设计为简单轻量级的客户端库,可以轻松嵌入到任何 Java 应用程序中,并与用户为其流式应用程序拥有的任何现有打包、部署和操作工具集成 -
Has no external dependencies on systems other than Apache Kafka itself as the internal messaging layer; notably, it uses Kafka’s partitioning model to horizontally scale processing while maintaining strong ordering guarantees.
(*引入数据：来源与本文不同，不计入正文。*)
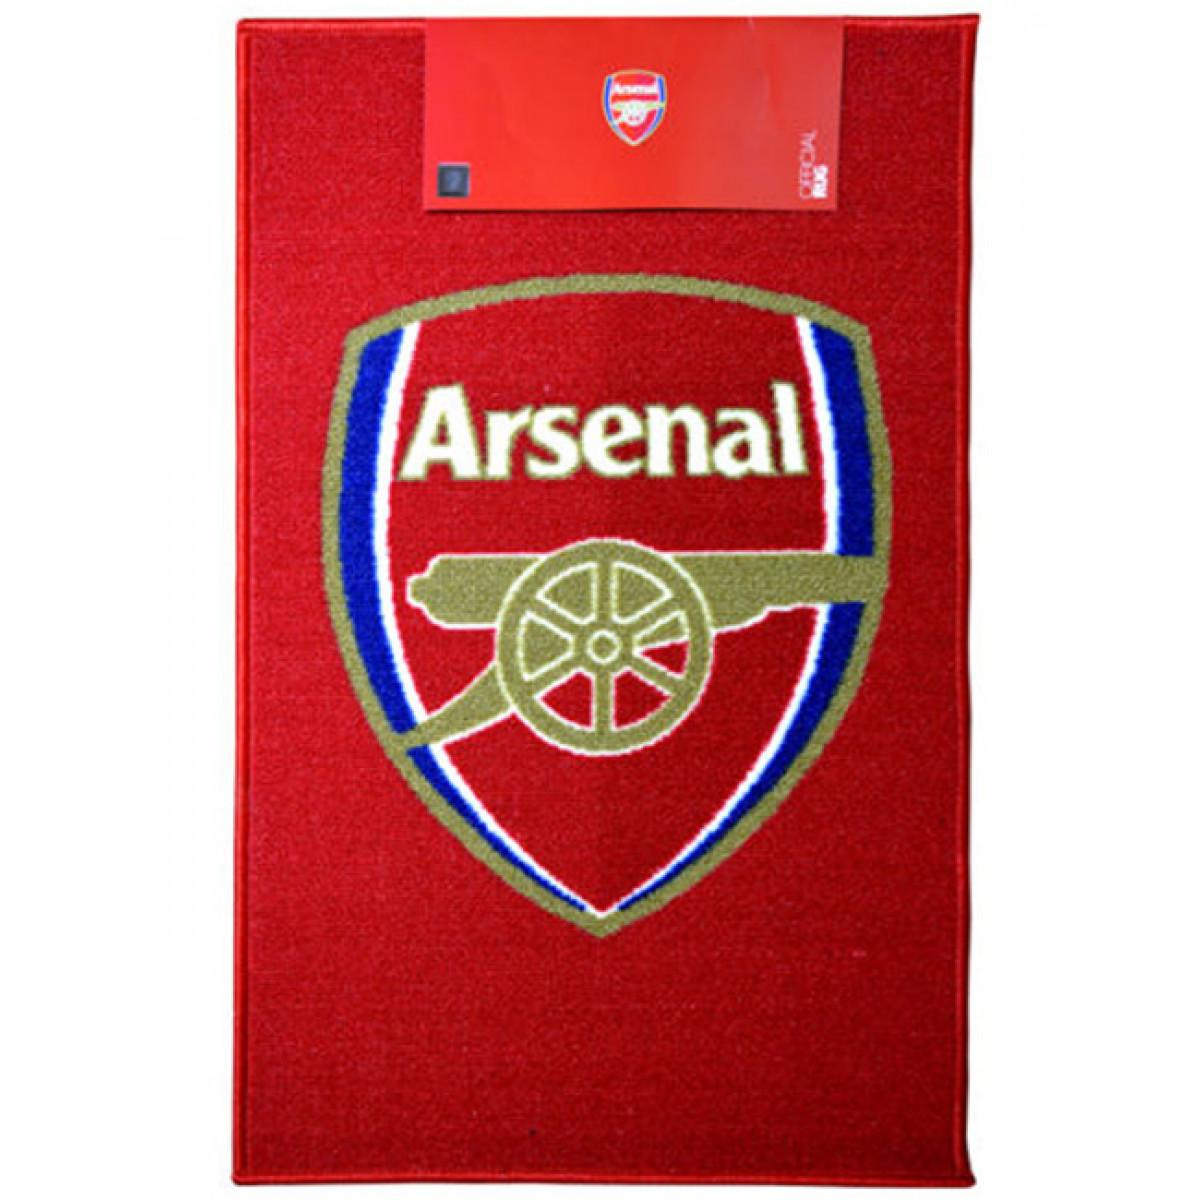 Arsenal Fc Crest Floor Rug

除了作为内部消息传递层的Apache Kafka 本身之外,对系统没有外部依赖;值得注意的是,它使用 Kafka 的分区模型来水平扩展处理,同时保持强大的排序保证 -
Supports fault-tolerant local state, which enables very fast and efficient stateful operations like windowed joins and aggregations.
支持容错本地状态,这可以实现非常快速和高效的状态操作,如窗口连接和聚合 -
Supports exactly-once processing semantics to guarantee that each record will be processed once and only once even when there is a failure on either Streams clients or Kafka brokers in the middle of processing.
支持exactly-once处理语义以保证每条记录将被处理一次且仅一次,即使在处理过程中 Streams 客户端或 Kafka 代理出现故障也是如此 -
Employs one-record-at-a-time processing to achieve millisecond processing latency, and supports event-time based windowing operations with out-of-order arrival of records.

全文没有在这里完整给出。